Word for word, copy the lines beginning at the one with "Конор МакГрегор купил" and ending at the last line below; pictures stay out.
START Source material
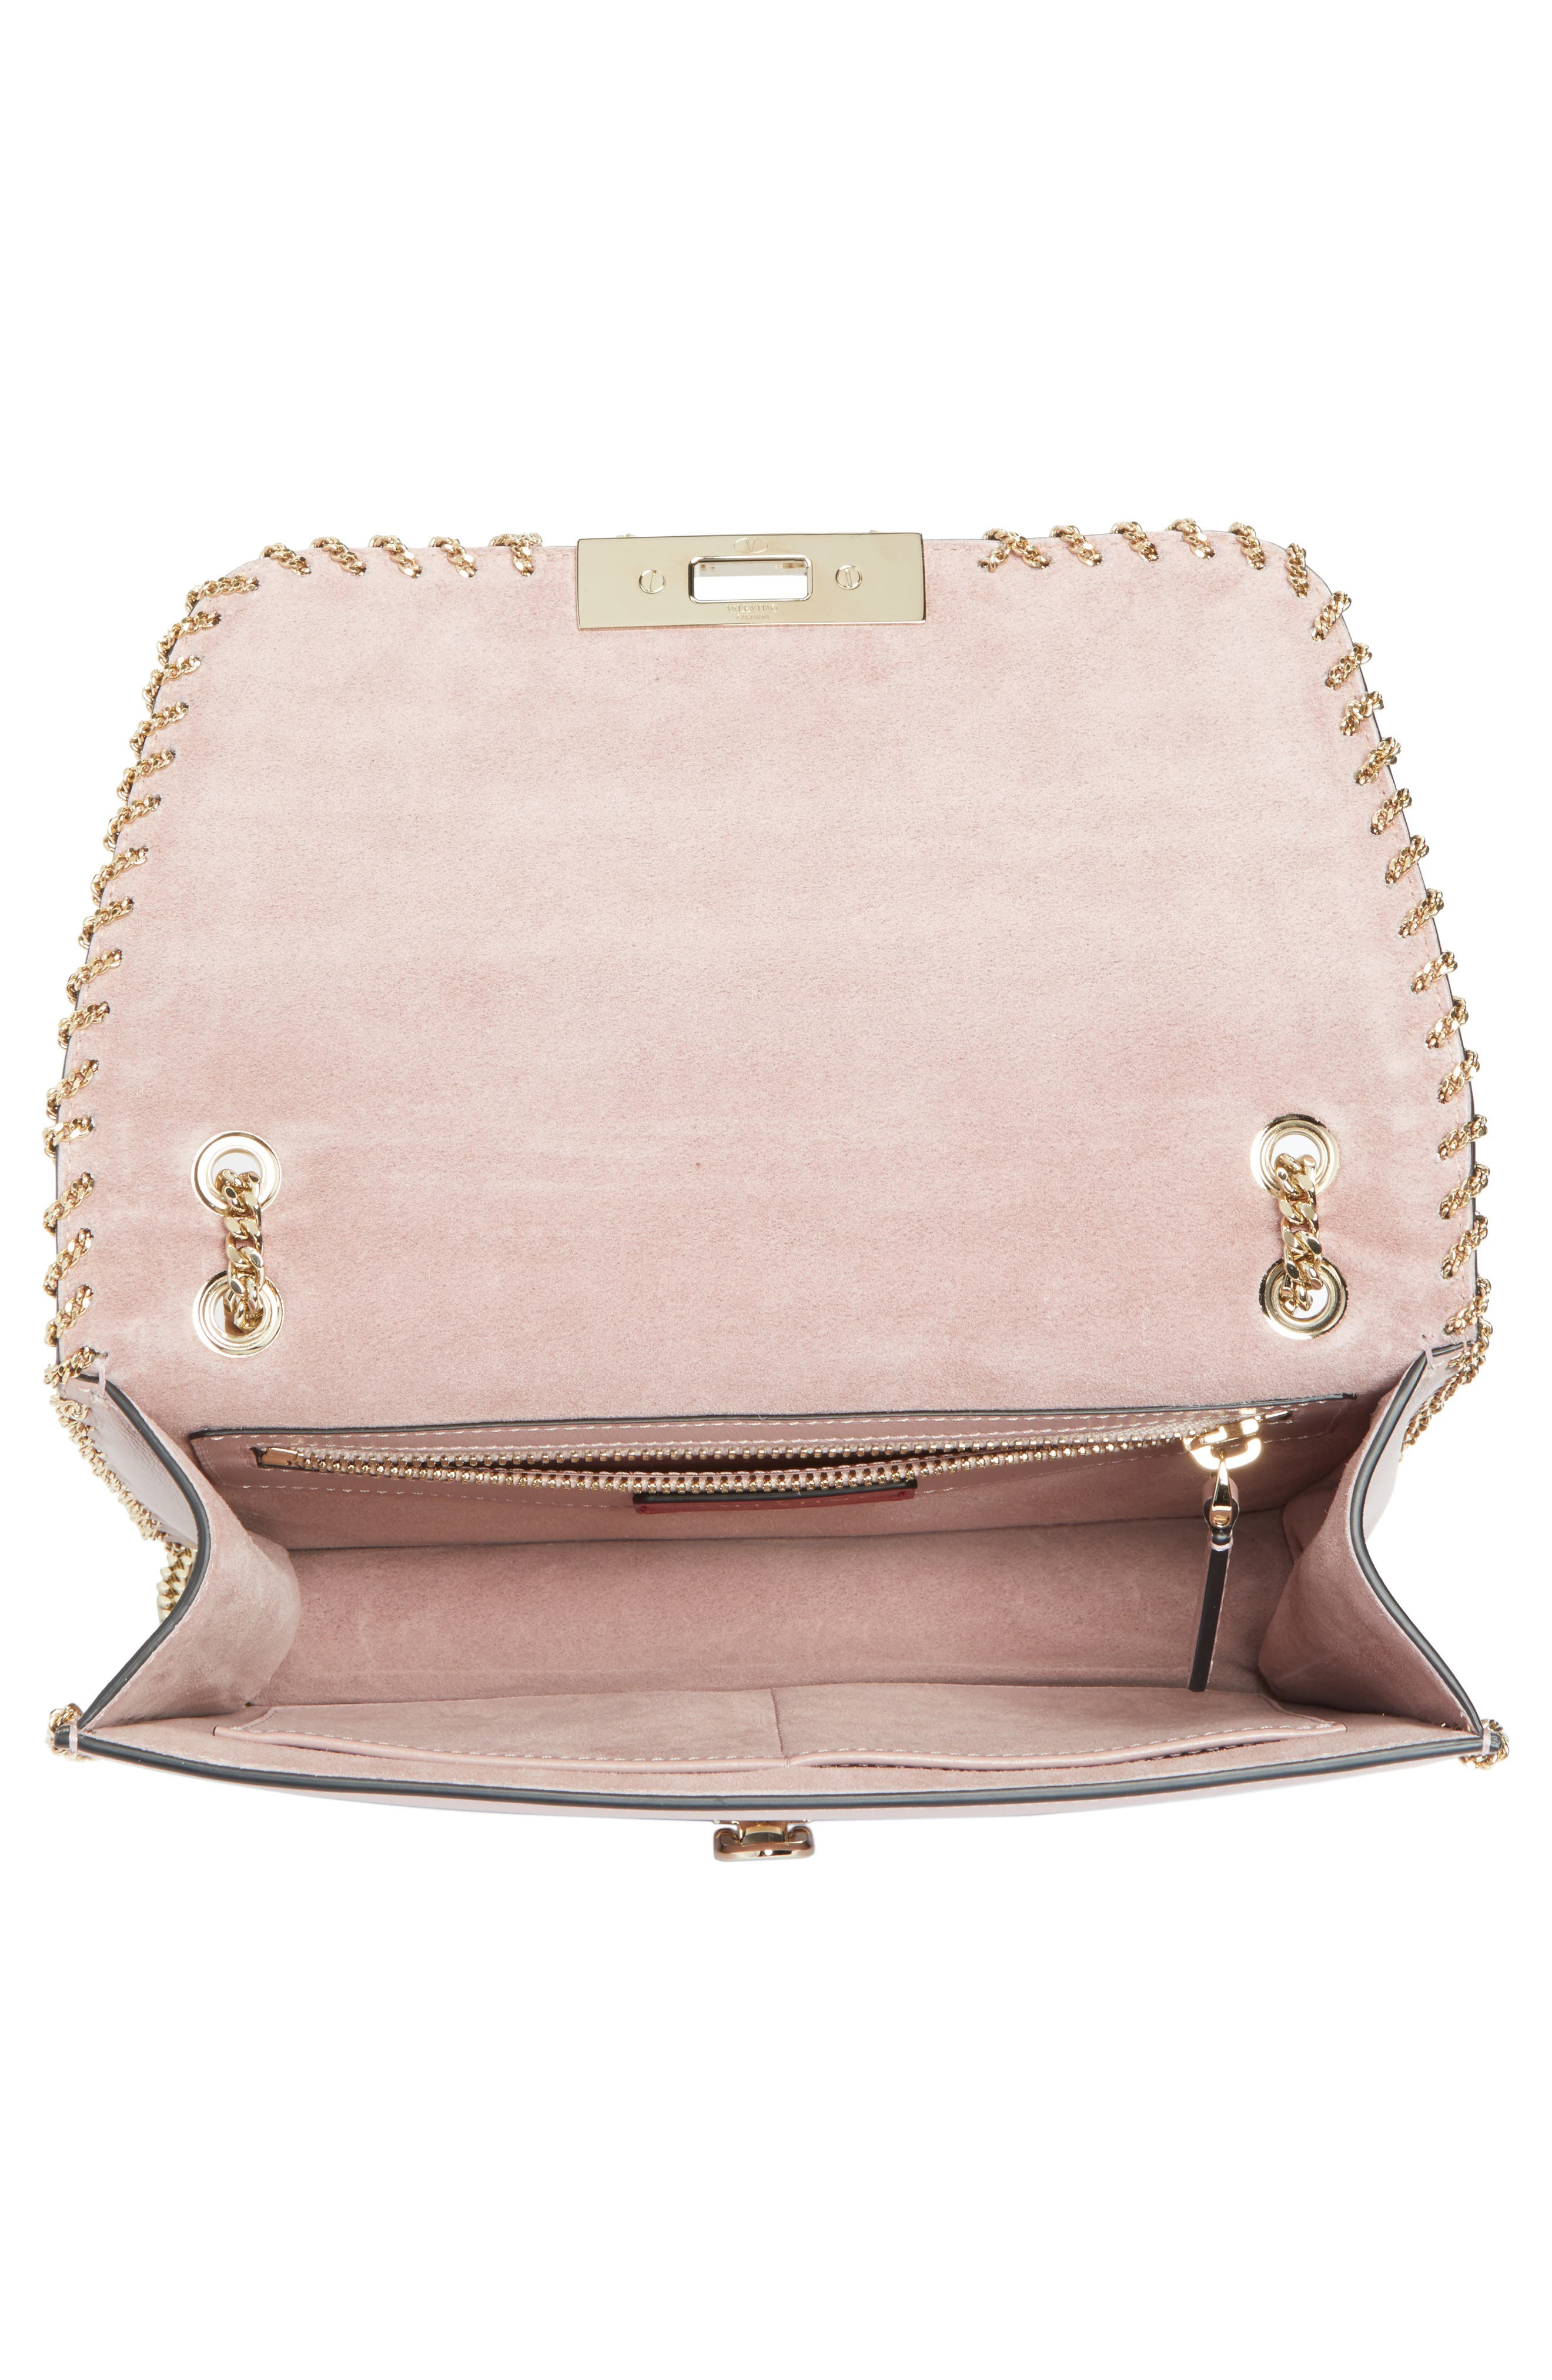 Demilune Whipstitch Leather Shoulder Bag,                             Alternate thumbnail 2, color,                             Lipstick
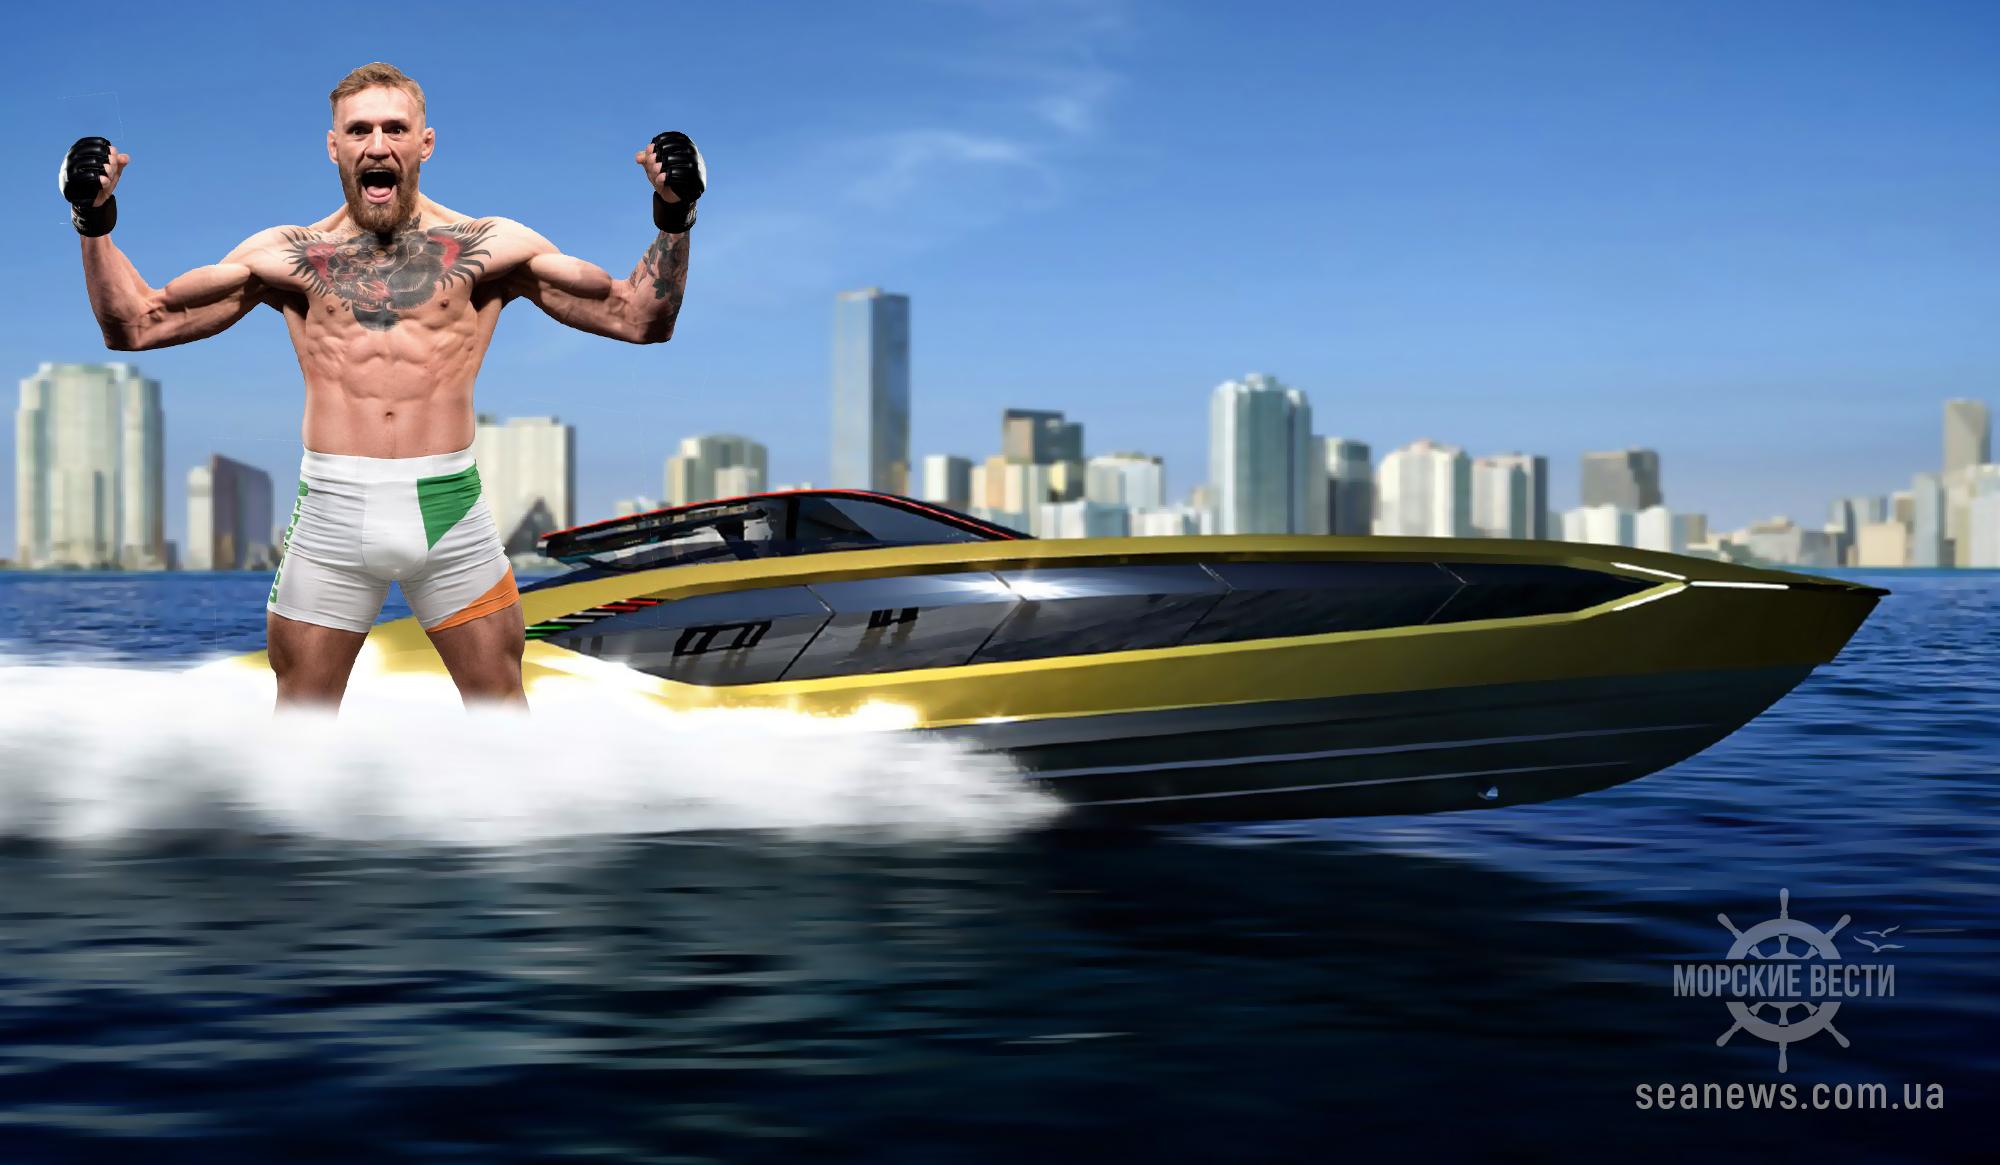 Конор МакГрегор купил эксклюзивную яхту Lamborghini
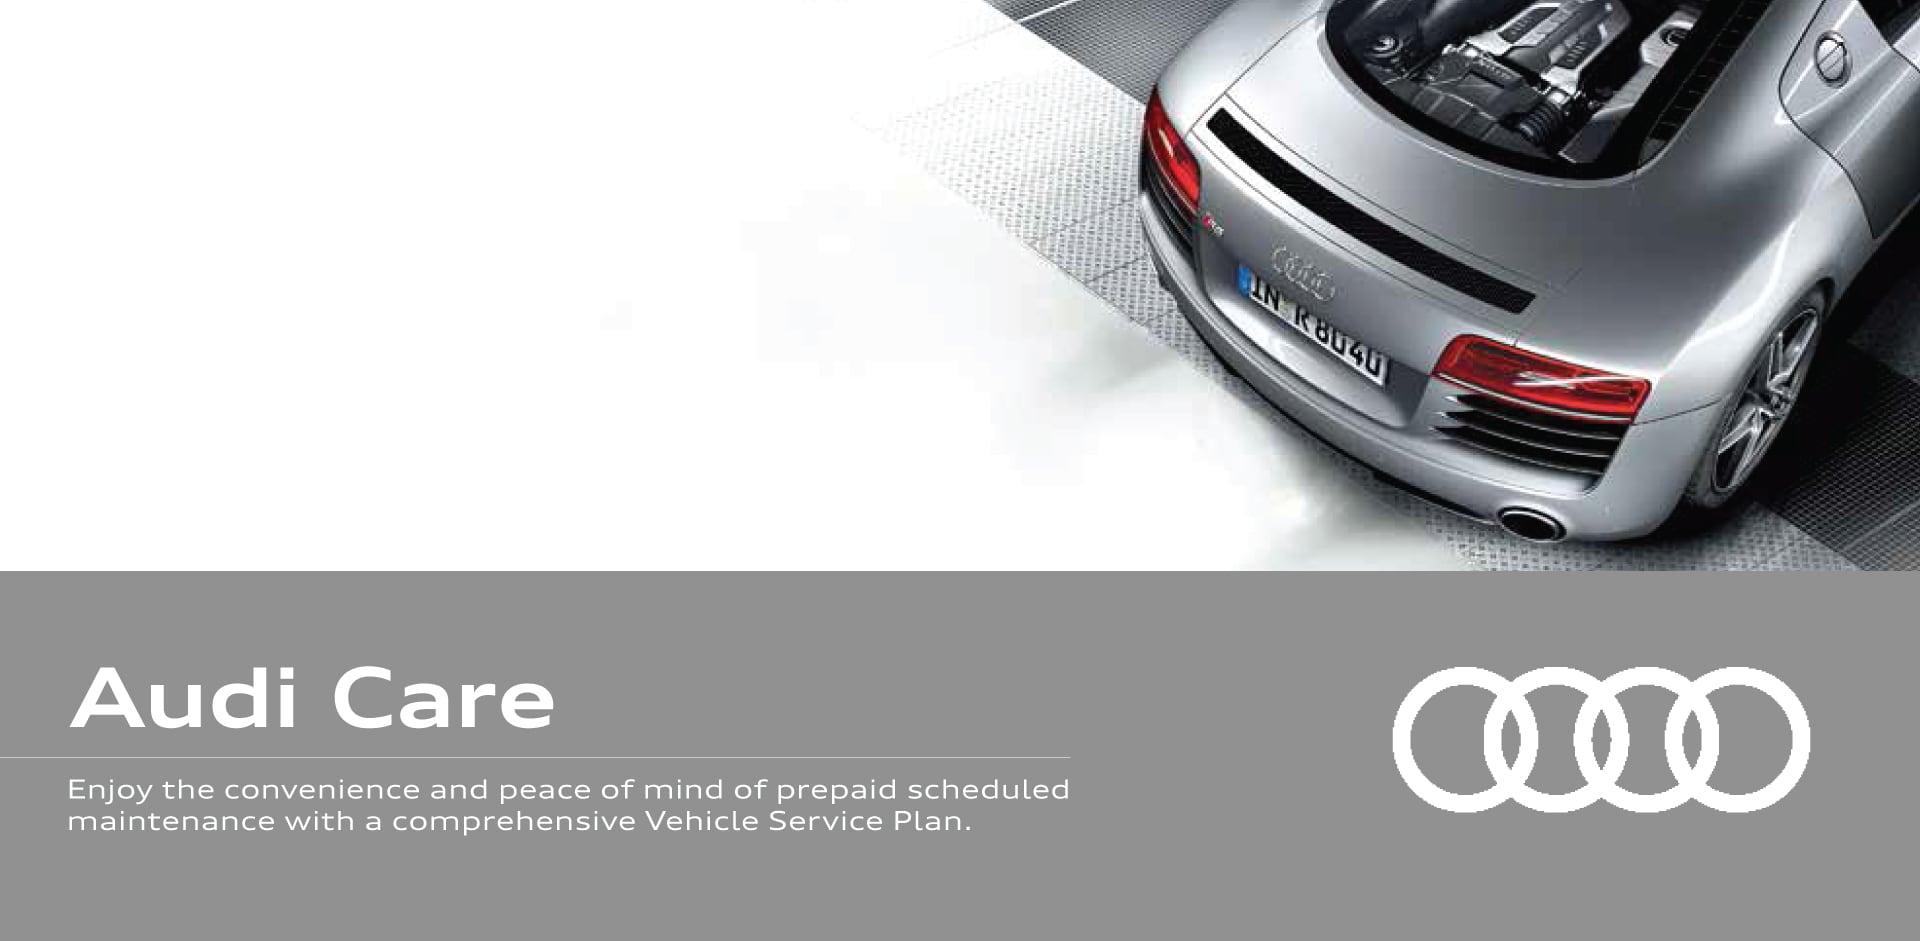 Audi Midtown Toronto | Vehicles for sale in Toronto, ON M2J 4R2
END Source material
Answer to the exercise:
 Конор МакГрегор купил эксклюзивную яхту Lamborghini
 Audi Midtown Toronto | Vehicles for sale in Toronto, ON M2J 4R2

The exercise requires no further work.